Somalia
Last year and about a month before this time, journalist Mark Snelling hitched a ride through a portion of Somalia with a Red Crescent relief mission. [1] He filed three brief pages on the experience, and as I expected, he found a lovely country in disarray and disrepair.
I haven't yet found on the web what I would call strong, realtime coverage of fighting in Somalia and may assume that there's no one from the Fourth Estate taking pictures and notes with either guerrilla or government forces. Dangers posed by the former need not be reprised; restrictions imposed by the latter possibly have an "operations in progress" cast: the public's going to get what's "released" by news makers rather than what's observed up close and personal by news reporters. In that vein, Reuters has published a list of six "al Qaeda operatives or associates" the U.S. Federal Bureau of Investigation believes operating in Somalia. [2]
Missing in information: the results of shelling militant positions by a U.S. destroyer last week off the Puntland coast.

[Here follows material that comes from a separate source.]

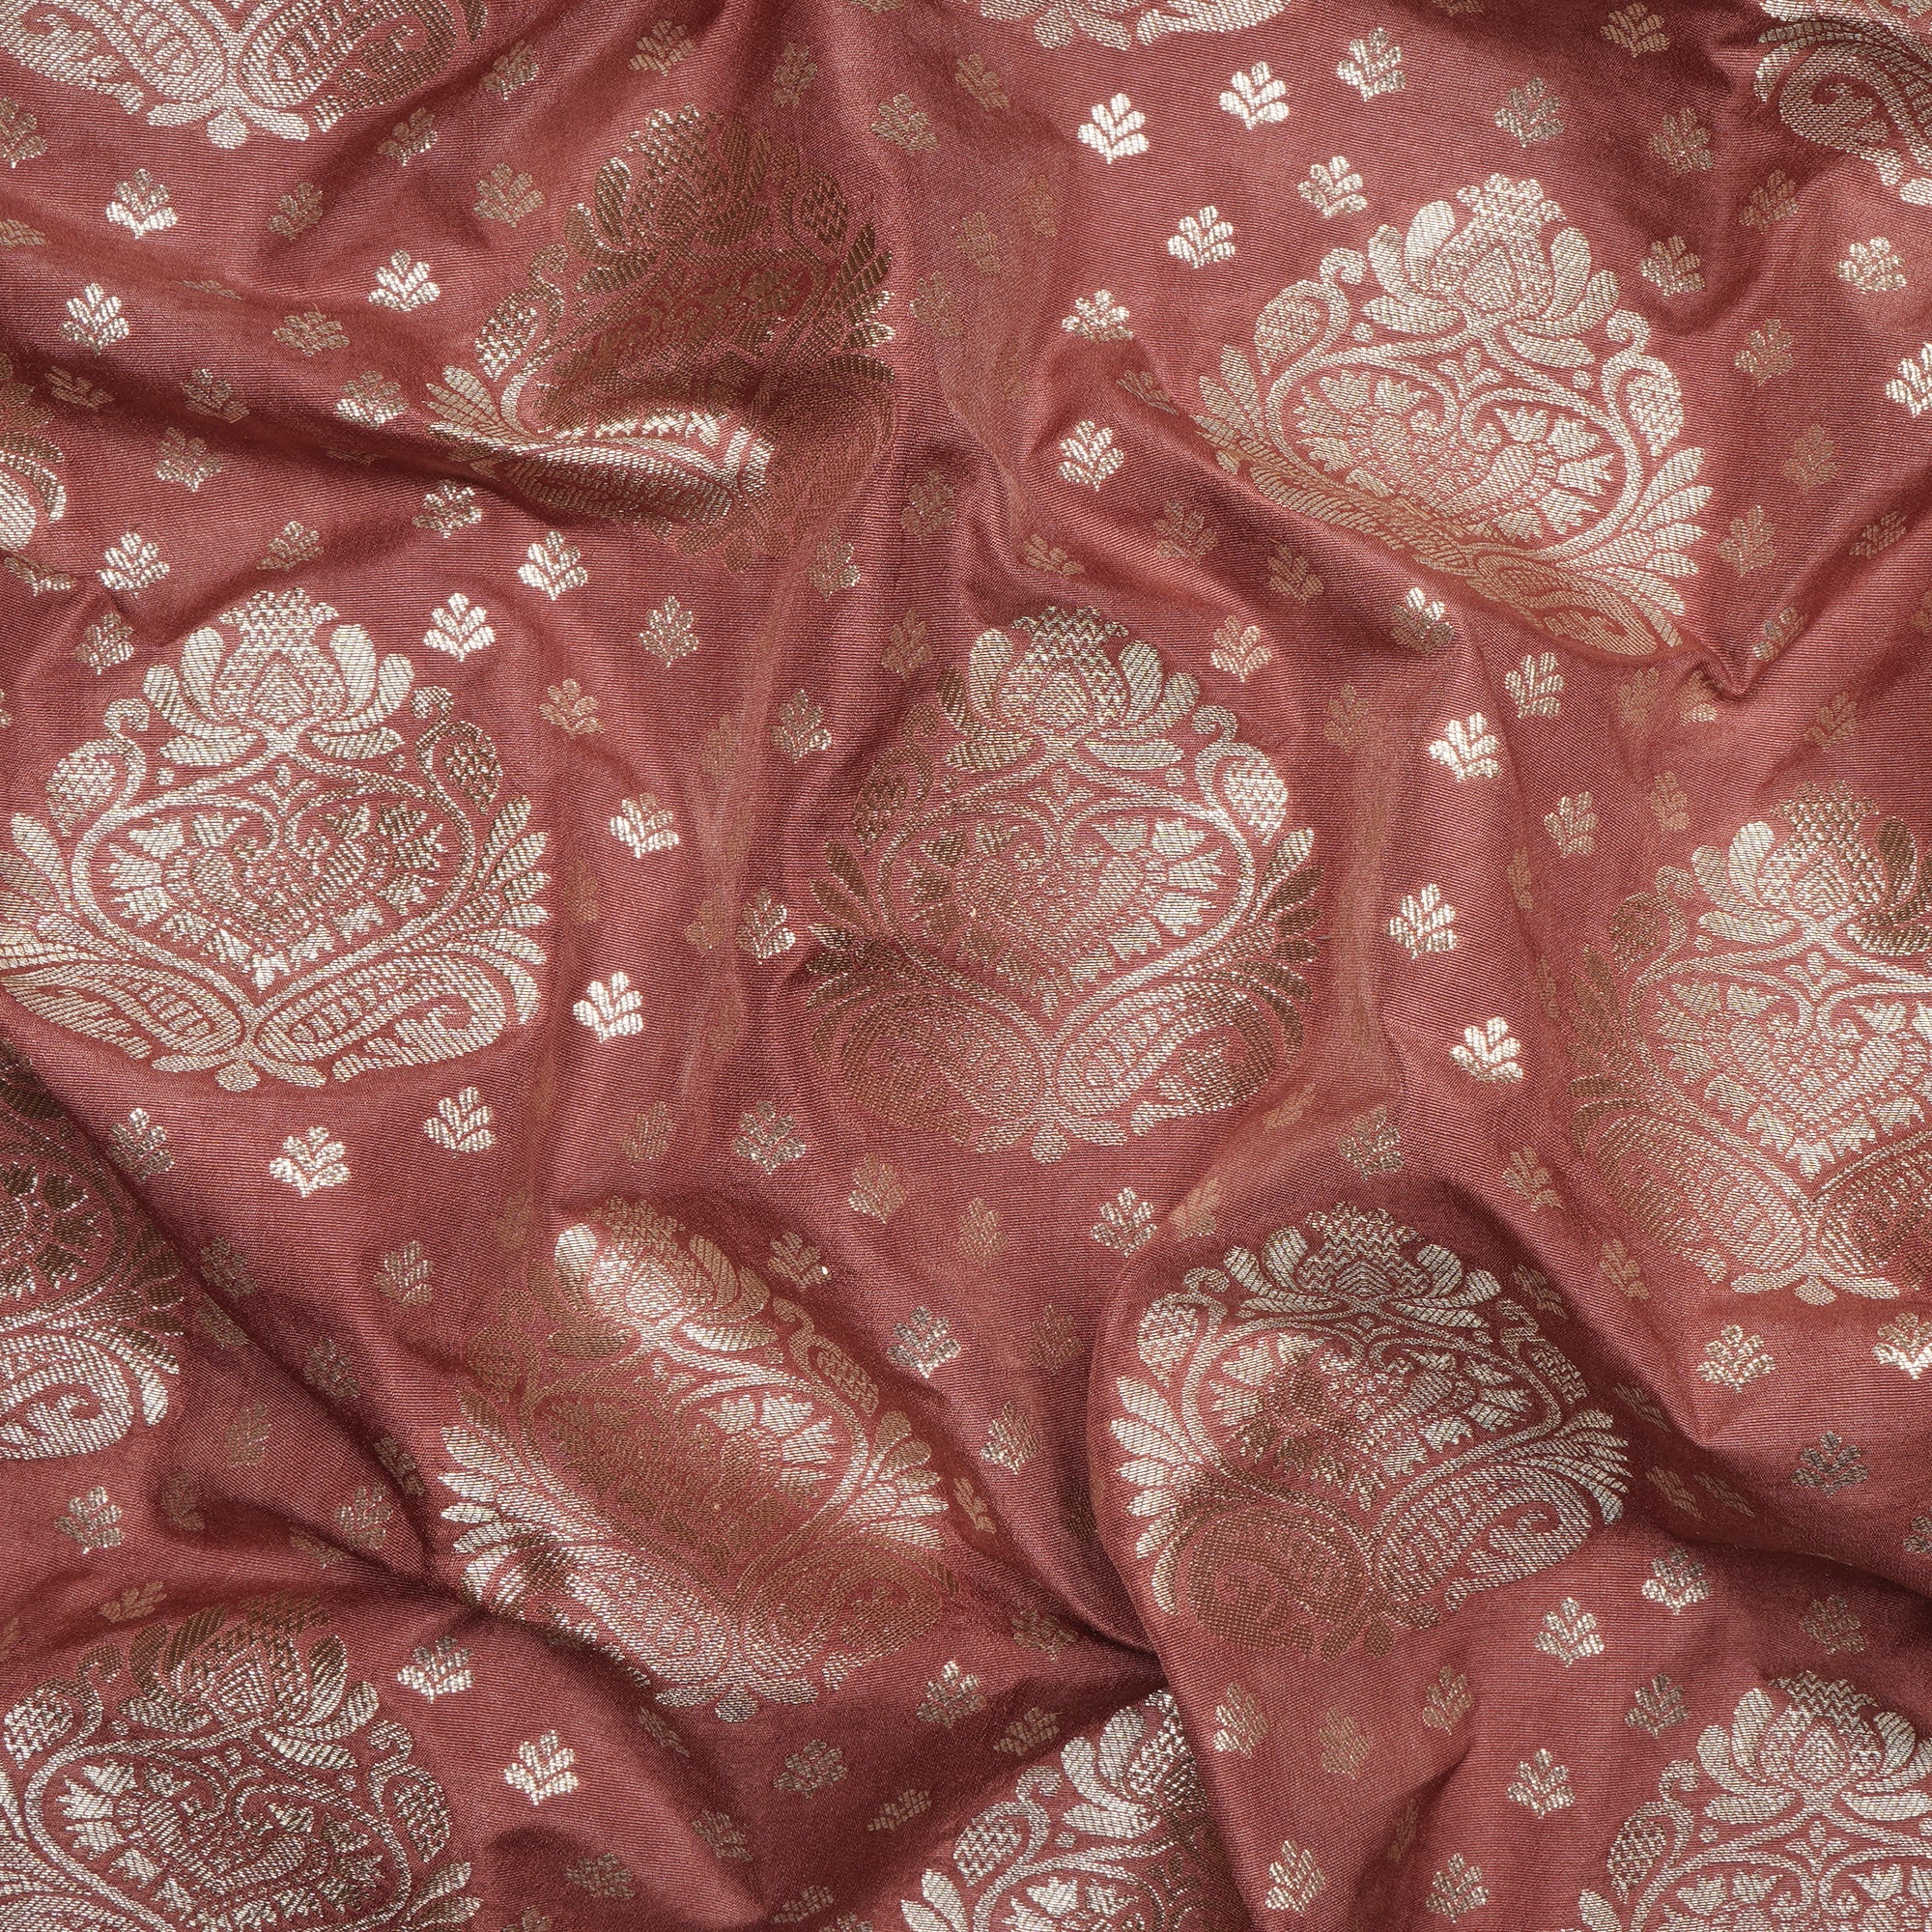 Aragon Floral Booti Pattern Blended Banarasi Brocade Fabric

The disconnected dots would seem to say "six dead, six alive" out of an initial estimate of a landing involving 35 al Qaeda fighters.
That's the informational fog in war as it exists for the news reader.
Lebanon
Here's the lead from Nazih Siddiq's article in Reuters [3]: "Al Qaeda-inspired militants in north Lebanon threatened on Wednesday to take their fight to other parts of Lebanon and beyond if the Lebanese army did not stop attacking a Palestinian refugee camp."
Let's reflect a moment here: you rob a bank; the police chase you back to your sanctuary, guns blazing as you go; the army arrives to control the situation, which is your situation, of course, and you set up sniper positions to sap military personnel as the civilian evacuating begins and tedious negotiations and politics get under way to save lives; the army, applying heavier metal than you have, then grinds away at your positions until your sandbox turns into one square kilometer of wreckage, and the Palestinians who have elected to stay, a former and now middle-aged PLO terrorist, who has done his time, among them, revile you for endangering their lives and bringing this disaster down on their heads; at which point, you turn around and assert that you're defending them.
How?
1. Mark Snelling's May 2006 blog on traveling into Somalia: http://mobile.alertnet.org/thefacts/reliefresources/114794661372.htm.
2. Reauters. "FACTBOX: Key facts on hunted al Qaeda militants in Somalia." June 4, 2007: http://www.reuters.com/article/newsOne/idUSWAL25910720070604.
3. Siddiq, Nazih. "Islamists threaten to expand Lebanon camp war." Reuters, June 6, 2007: http://www.reuters.com/article/worldNews/idUSL0617693420070606.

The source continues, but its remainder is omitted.